Code that identifies majors that contain either “DATA” or “STATISTICS” from [Five Thirty Eight] (https://fivethirtyeight.com/features/the-economic-guide-to-picking-a-college-major/).
library(rvest)
library(xml2)
library(tidyverse)
# Get URL of College Majors list
site <- "https://projects.fivethirtyeight.com/mid-levels/college-majors/index.html?v=3"
majors_list <- read_html(site)
# Scrape all data from the website
majors_df <- majors_list %>%
html_nodes(xpath = '//*[@id="example"]') %>%
html_table(fill = TRUE)
# Scrapped data is in the form of a list.
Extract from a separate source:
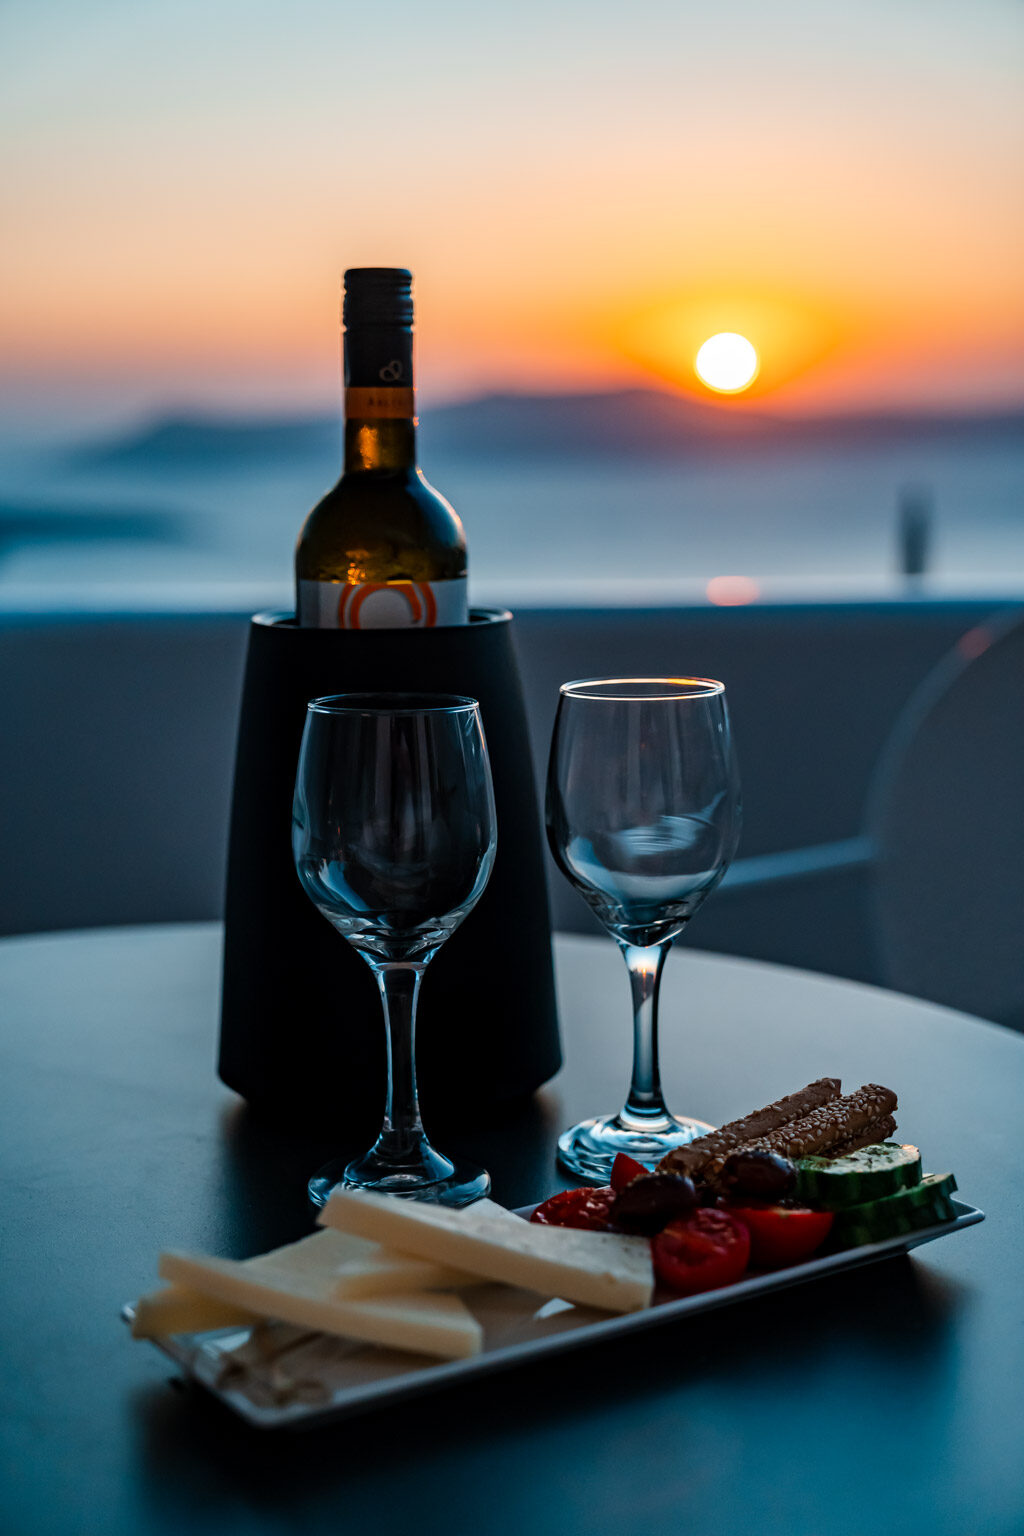 Romantic Sunset Fira Santorini Wine and Snacks

# Convert list to data frame and save the majors column only to its own data frame
majors_df <- as.data.frame(majors_df)
mj <- majors_df$MAJOR
# look for majors with statistics in name
major.stats <- str_view(mj, regex("statistics", ignore_case = TRUE), match = TRUE)
# look for majors with data in the name
major.data <- str_view(mj, regex("data", ignore_case = TRUE), match = TRUE)
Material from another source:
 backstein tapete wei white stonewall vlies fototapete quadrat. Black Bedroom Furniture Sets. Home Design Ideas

# Display all majors with Statistics in the name
major.stats
# Display all majors with Data in the name
major.data
Data transformation
library(RCurl)
library(dplyr)
# get fruit list from Github
x <- getURL("https://raw.githubusercontent.com/ltcancel/Homework3_Data607_F20/master/fruit.txt")
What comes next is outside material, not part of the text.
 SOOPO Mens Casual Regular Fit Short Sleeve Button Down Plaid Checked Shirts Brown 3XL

fruit <- read.delim(text = x, header = FALSE, sep = '"')
fruit
## V1 V2 V3 V4 V5 V6 V7 V8 V9
## 1 [1] bell pepper NA bilberry NA blackberry NA blood orange NA
## 2 [5] blueberry NA cantaloupe NA chili pepper NA cloudberry NA
## 3 [9] elderberry NA lime NA lychee NA mulberry NA
## 4 [13] olive NA salal berry NA NA NA
# filter to only include columns with values
fruit.clean <- fruit %>%
select(2,4,6,8)
fruit.clean
## V2 V4 V6 V8
## 1 bell pepper bilberry blackberry blood orange
## 2 blueberry cantaloupe chili pepper cloudberry
## 3 elderberry lime lychee mulberry
## 4 olive salal berry
# loop through data frame to create final string
for (x in 1:nrow(fruit.clean)){
for (y in 1:ncol(fruit.clean)){
if (x == 1 && y == 1){
final.string <- c("c(",fruit.clean[x,y])
}
else if (x == nrow(fruit.clean) && y == ncol(fruit.clean)){
final.string <- paste0(final.string,")")
}
else{
final.string <- paste0(final.string,",",fruit.clean[x,y])
}
}
}
# Display new string
final.string
## [1] "c(,bilberry,blackberry,blood orange,blueberry,cantaloupe,chili pepper,cloudberry,elderberry,lime,lychee,mulberry,olive,salal berry,)"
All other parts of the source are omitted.